İslâm mücahidleri arasında bulunan münafıklar, " Muhammed, öldürüldü! " diyerek yaygaraya başladılar. 371

Onlardan, " Keşke Abdullah b. Übeyy'e gidecek bir adamımız olsa da, o bize Ebu Süfyan'dan bir eman alıverse! " diyenler olduğu gibi;

" Ey Müslümanlar! Muhammed öldürüldü artık! Ebu Süfyan gelip sizi öldürmeden önce, kavminizin yanına (Medine'ye) dönün! " diyenler, 372

Hatta, müşriklerle savaşan mücahidleri birer birer dolaşarak onları savaşmaktan vazgeçirmeye çalışanlar da vardı.

Nitekim, Malik b. Duhşum böyle yapmış; çalı çırpı üzerine oturup dinlendiği ve onüç yerinden yaralanmış bulunduğu bir sırada Hârice b. Zeyd'in yanına varıp:

" Muhammed'in öldürüldüğünü bilmiyor musun?" demişti.

Hârice b. Zeyd:

" Muhammed öldürülmüşse, hiç şüphesiz, Allah, Hayy ve Lâyemût'tur, ölümsüzdür! Muhammed, Rabbinin elçilik vazifesini yerine getirmiştir. Yapılması gereken tebliğleri yapmıştır. Senin dininin uğrunda da çarpışmıştır! " dedi.

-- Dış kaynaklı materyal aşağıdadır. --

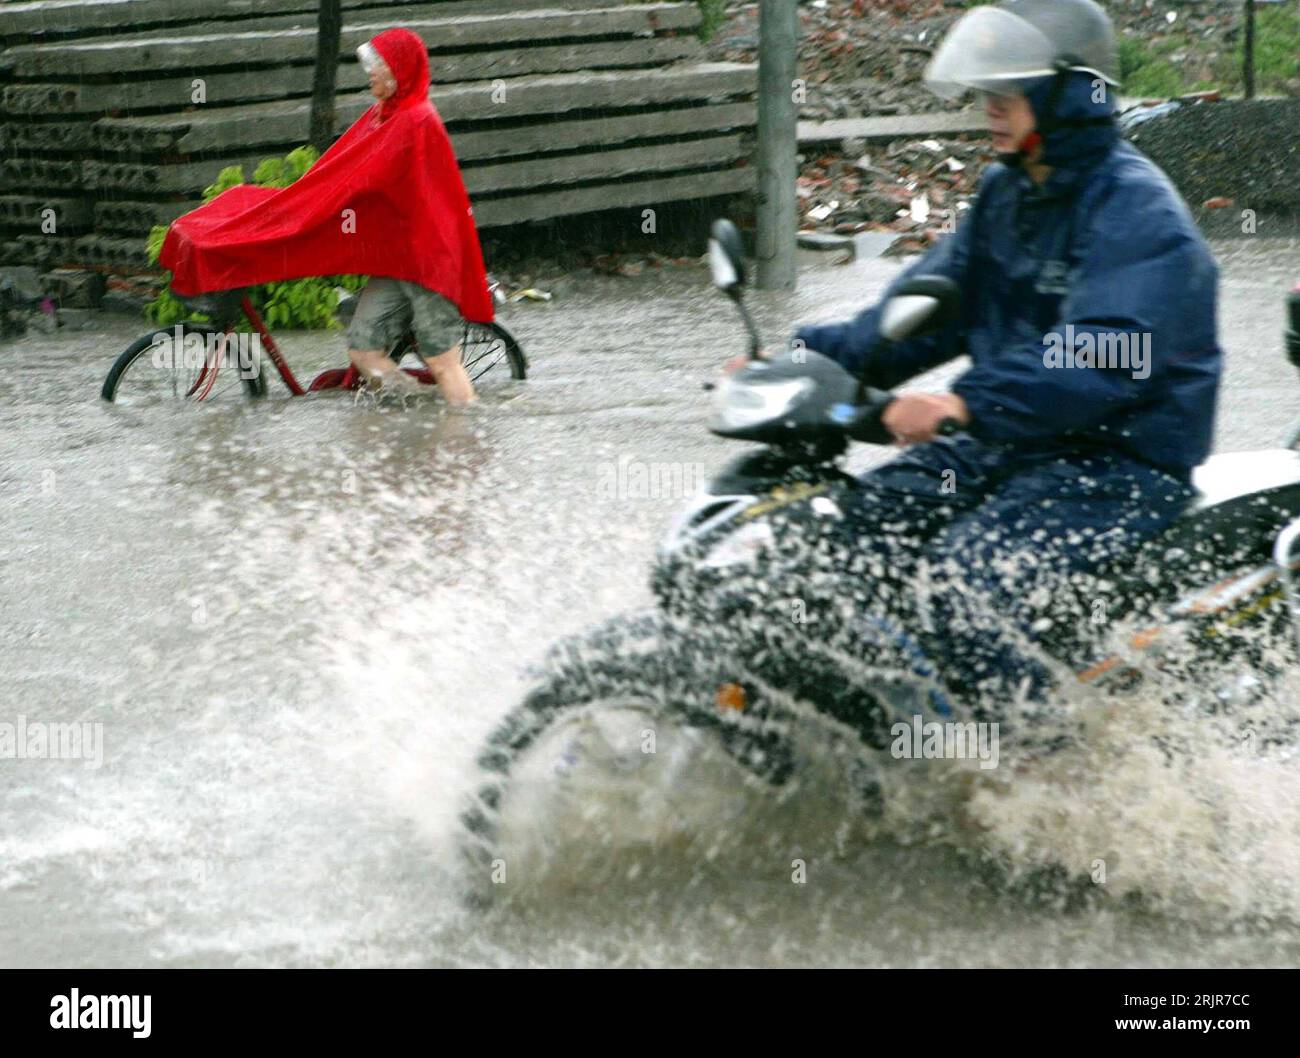 Bildnummer: 51320325  Datum: 05.07.2006  Copyright: imago/Xinhua Mann auf einem Motorroller und ein Fahrradfahrer fahren nach schweren Regenfällen über eine überflutete Straße in Shanghai - PUBLICATIONxNOTxINxCHN, Personen , Dynamik; 2006, Shanghai, Hochwasser, Überschwemmung, Überschwemmungen, Katastrophe, Katastrophen, Naturkatastrophen , Flut, Fluten, Flutkatastrophe, Flutkatastrophen, überschwemmt, überschwemmte, überflutet, Männer, Roller, Moped, Mopeds, Radfahrer; , quer, Kbdig, Gruppenbild, Seitenansicht, Perspektive, China,  , Straße, Verkehr, Wetter, Unwetter Stock Photo

Malik b. Duhşum kalkıp Sa'd b. Rebi'in yanına vardı. O da, oniki yerinden yaralanmış bulunuyordu. Ona da:

" Muhammed'in öldürüldüğünü biliyor musun?" dedi.

Sa'd b. Rebi':

" Ben Muhammed'in Rabbi tarafından verilen elçilik ve tebliğ vazifesini yerine getirdiğine ve senin dinin uğrunda da çarpıştığına şehadet ederim.

Şayet Muhammed öldürülmüşse, hiç şüphesiz, Allah Hayy ve Lâyemût'tur, ölümsüzdür" dedi.

Mâlik b. Duhşum:

" Resûlullahın öldürüldüğü muhakkaktır. Artık sizler de, daha önce dönenler gibi, kavminizin yanına dönün! Şimdi onlar evlerine sağ salim girmiş bulunuyorlar" dedi. 373

-------------------------------------

371. Yâkubî, Târih, c. 2, s. 27.

372. Taberî, c. 3, s. 20, İbn Esîr, Kâmil, c. 2, s. 156.

373. Vâkıdî, Megâzı, c. 1, s. 280, Belâzurî, Ensâbu'l-eşrâf, c. 1 , s. 326-327.